Children are the most likely to have food allergies. Among children, toddlers and infants have food allergies the most. As children grow and their digestive systems mature, the body is less likely to react to foods that cause allergies.
Past Allergy to Peanuts
Some children may outgrow their allergies. Though, they may show up again later in life.
If you have allergic reactions to one type of food, you are at a greater risk of developing allergies to another food. If you have any type of allergies, such as hay fever, you are also at an increased risk of having food allergies.
Family Members with Allergies
If other members of your family have allergies or food allergies, you may be at an increased risk of developing allergies.
It can be difficult to diagnose a peanut allergy as the symptoms vary from person to person. A single person may not experience the same reaction each time they get exposed to peanuts. If you think you or a family member has a peanut allergy, make an appointment with an allergist.
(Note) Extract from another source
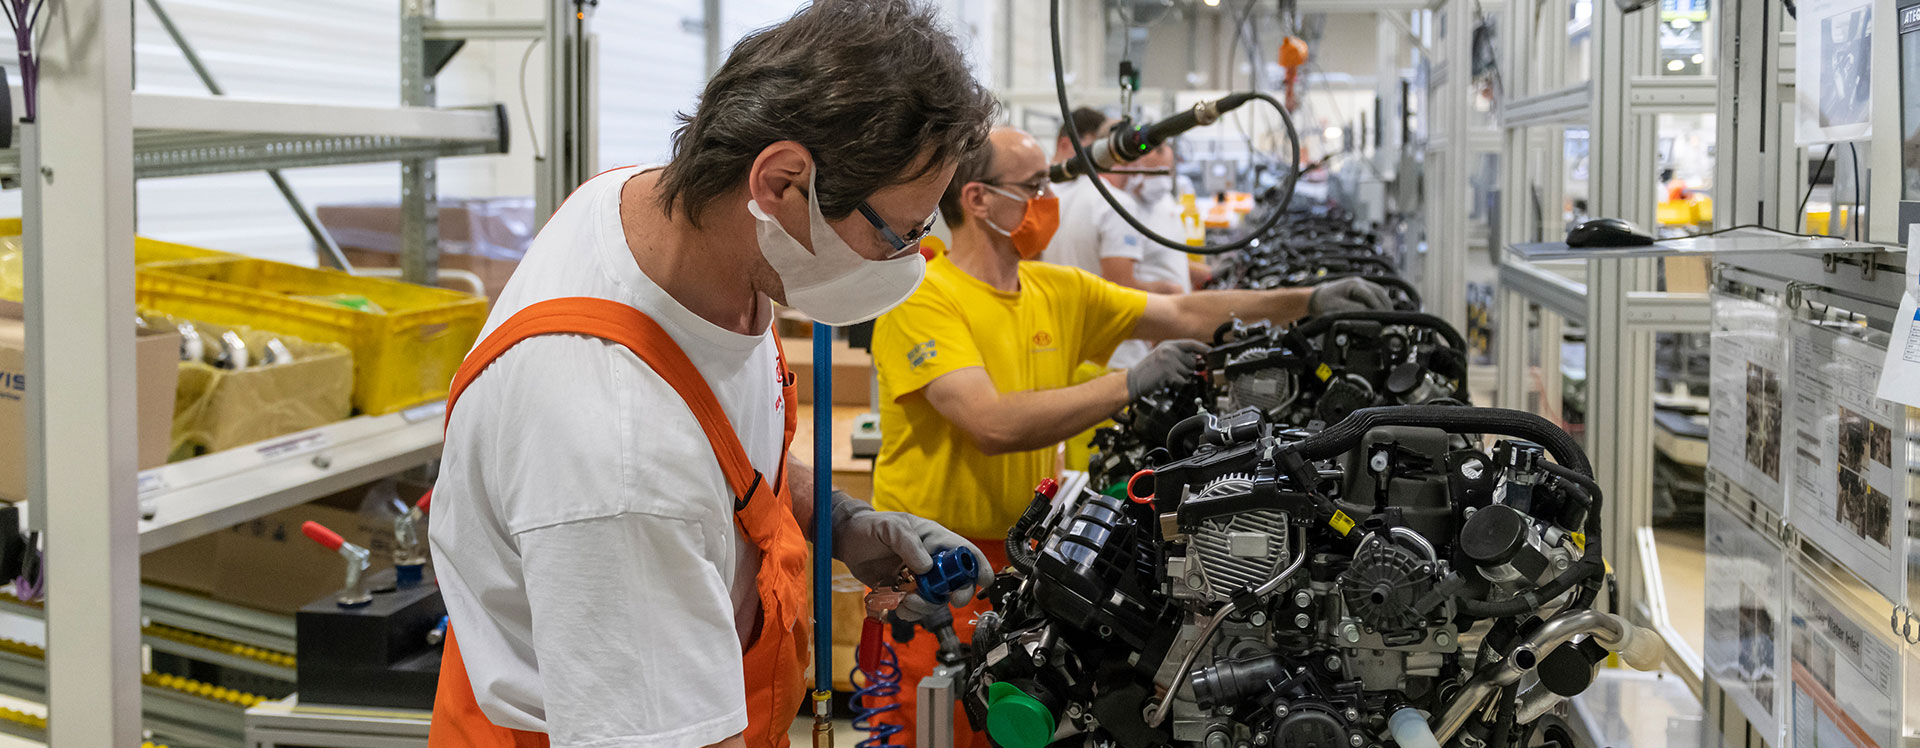 Η Kia επενδύει 70 εκατομμύρια ευρώ στην παραγωγή κινητήρων στην Ευρώπη

If you notice a reaction to peanuts you should record a few things to share with your doctor. They include:
- The symptoms experienced
- What you ate and how much
- When symptoms started after ingestion
- How you relieved the symptoms
- How long the symptoms lasted
An allergist may suggest you get a skin test or blood test to check if there is a peanut allergy. They may recommend an oral food challenge in which you eat small amounts of peanuts. This test is done in a medical center in case of a severe reaction.
Peanut Allergy Treatment
The most basic way to prevent an allergic reaction to peanuts when you have a peanut allergy is to avoid peanuts or peanut products. Researchers have started to study different ways of treating peanut allergies. One way they have found success is through oral immunotherapy.
Oral immunotherapy is also known as desensitization. During this process, children with peanut allergies, or those at risk for a peanut allergy, get increased doses of peanut products. It is not a cure but can reduce the risk of severe reactions when exposed to peanuts or peanut products
In 2020, the FDA approved an oral immunotherapy drug, Palforzia, to treat children between 4 and 17 with peanut allergies. It is not recommended for those with uncontrolled asthma. Even with the drug, those with peanut allergies should still avoid contact with peanuts.
If there has already been exposure to peanuts or peanut products, be prepared with a reactive treatment option. Severe reactions may require the use of an auto-injector containing epinephrine. Many people with peanut allergies carry these auto-injectors with them.
Make sure you understand how to use your auto-injector and carry it at all times if you have a peanut allergy. Make sure it is up to date and have a backup auto-injector on hand. Talk with your doctor about the right time to use an åauto-injector during an allergic reaction.
Learn More About Treatment Today
Peanut allergies are becoming more prevalent in the US. If you or your child has a peanut allergy, there are treatment options for them. Avoidance is key in preventing allergic reactions, but some therapies may prevent severe reactions.